Djibouti : Premier examen par le Comité des droits de l'homme de l'ONU avec neuf années de retard

Le rapport initial de Djibouti sera examiné les 16 et 17 octobre prochains pour la première fois par le Comité des droits de l'homme de l'ONU à Genève lors de sa 109e session. Ce n'est qu'en février 2012 que l'Etat partie avait finalement soumis son rapport initial, avec plus de neuf ans de retard . Dans le cadre de ce processus d'examen qui a pour but d'évaluer la mise en œuvre des droits consacrés par le Pacte international relatif aux droits civils politiques, Alkarama a fait une déclaration devant le Comité des droits de l'homme afin de lui faire part de ses principaux sujets de préoccupation.

A la suite de la publication du rapport initial par les autorités, les experts ont crû devoir formuler une liste de questions auxquelles les réponses apportées par les autorités sont demeurées lacunaires. 

La situation des droits de l'homme dans ce pays situé dans la Corne de l'Afrique à l'entrée de la Mer Rouge et qui abrite deux importantes bases militaires Française et Américaine, est particulièrement préoccupante sans susciter toujours l'attention de la communauté internationale.

Cette situation s'est encore détériorée depuis les élections législatives du 22 février 2013 remportées par le parti présidentiel, l'Union pour la majorité présidentielle (UMP) et unanimement contestées par l'opposition qui fait état de fraudes massives et de l'absence de publication des résultats par les bureaux de vote.

Les principaux dirigeants de l'opposition font face à un harcèlement sécuritaire et judiciaire sans précédent tandis que leurs sympathisants sont systématiquement arrêtés arbitrairement, détenus au secret et torturés. La plupart d'entre eux sont accusés de « participation à manifestation illicite » ou « trouble à l'ordre public » et sont condamnés à des peines d'emprisonnement. Alkarama a ainsi documenté plusieurs cas d'arrestations et détentions arbitraires, de torture et de décès suspect en détention.

Le 30 septembre dernier, à l'occasion d'un appel de l'opposition à manifester pacifiquement, les services de sécurité sont encore intervenus afin d'empêcher le rassemblement pacifique et l'ont dispersé dans la violence.
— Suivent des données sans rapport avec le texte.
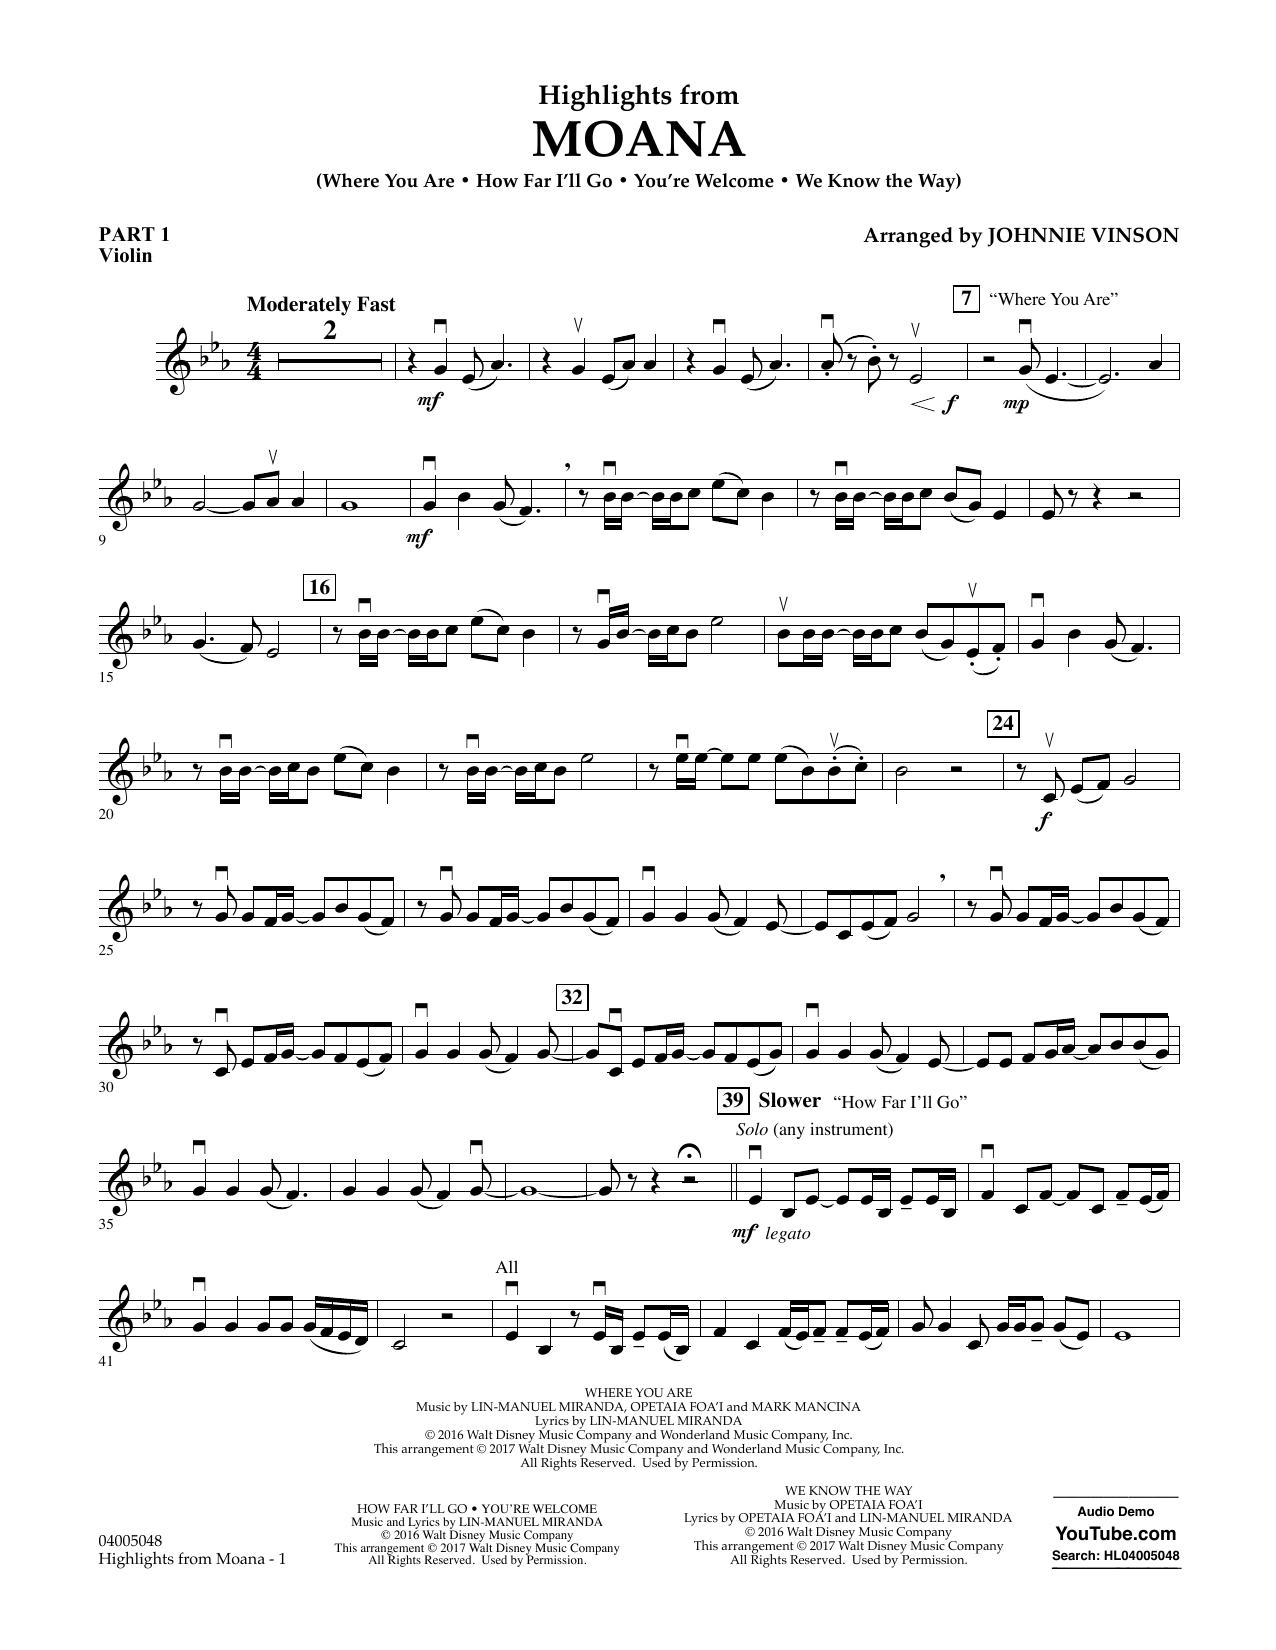 Highlights from Moana - Pt.1 - Violin Sheet Music

Des dizaines de manifestants pacifiques ont encore été arrêtés, dont deux députés et le maire de la commune de Balbala. Toutes les victimes interrogées ont fait état de tortures et de mauvais traitements durant la période de garde à vue.

Alkarama a assisté aujourd'hui à une rencontre avec les experts du Comité des droits de l'homme auxquels elle a soumis une note d'information relatant les derniers développements dans le pays et exprimé ses principales préoccupations.

Afin d'assurer la mise en œuvre des droits protégés par le Pacte international relatif aux droits civils et politiques, Alkarama appelle les autorités de Djibouti à mettre un terme à la répression systématique et aux représailles contre les opposants politiques et leurs partisans et garantir effectivement le droit à la liberté d'expression, de réunion et d'association pacifique, ainsi que le droit à la participation politique.

Les autorités sont également appelées à prendre des mesures effectives pour s'assurer que le droit à la vie et à la dignité soient respectés, de mettre un terme à la pratique arbitraire de la déchéance de la nationalité et d'ouvrir des enquêtes indépendantes, impartiales et approfondies sur les cas de torture, d'exécutions extrajudiciaire et de décès suspects en détention.

L'examen de Djibouti sera l'occasion pour le Comité des droits de l'homme d'établir un dialogue avec les autorités sur la base de leur rapport initial et des informations soumises par la société civile. Les recommandations qui seront émises par les experts sont particulièrement attendues et feront l'objet d'un suivi attentif de notre organisation.